Convergence of Series

Convergence is a concept that tells us how a series behaves when all its terms are summed up over an infinite horizon. We say a series is convergent if it approaches a specific value, or "converges", as more of its terms are considered. For instance, if the terms of a series \( a_n \) become smaller and cause the series \( \sum a_n \) to settle at a point, that series converges.

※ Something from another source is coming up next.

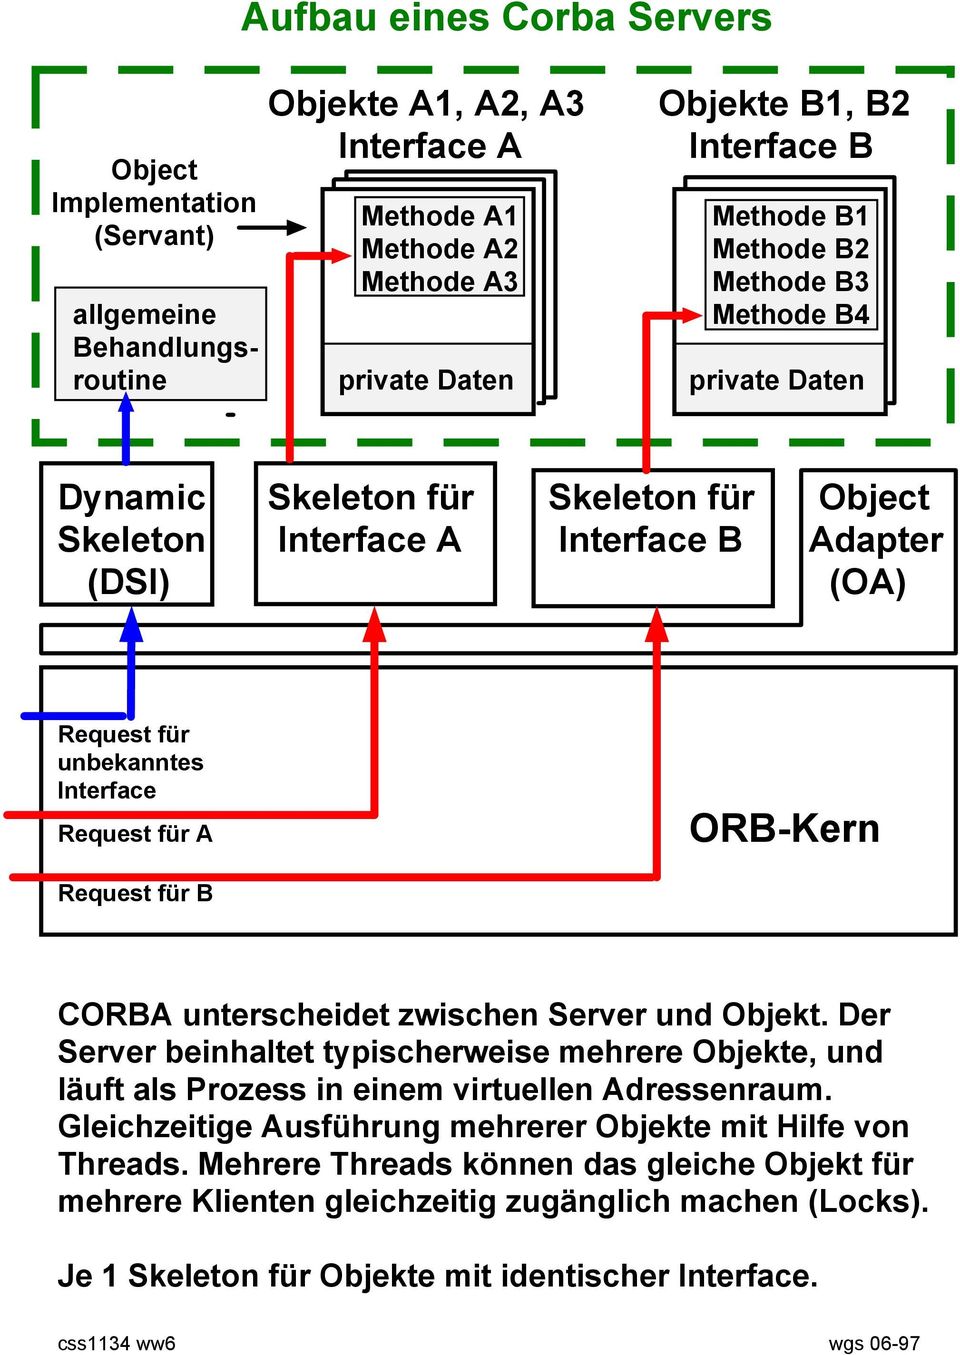 ORB-Kern Request für B CORBA unterscheidet zwischen Server und Objekt. Der Server beinhaltet typischerweise mehrere Objekte, und läuft als Prozess in einem virtuellen Adressenraum.

In part (iii) of the given problem, we investigate a series formed not just by the terms \( \binom{s}{n} x^n \) but also influenced by the multiplier \( n \). Here, \( x^n \) becomes critical as \( x^n \) \text{diminishes to zero\ for any \(-1 < x < 1\). Imagine water droplets evaporating faster than they can accumulate; tiny droplets (elements) keep vanishing, leading the sum to zero.

The convergence observed in our exercise underscores how individual elements—while growing larger initially or experiencing fluctuations over time—cannot subvert this comprehensive push towards zero. Hence, understanding convergence helps us not only solve but also predict outcomes of infinite sums, preparing us for more complex mathematical challenges ahead.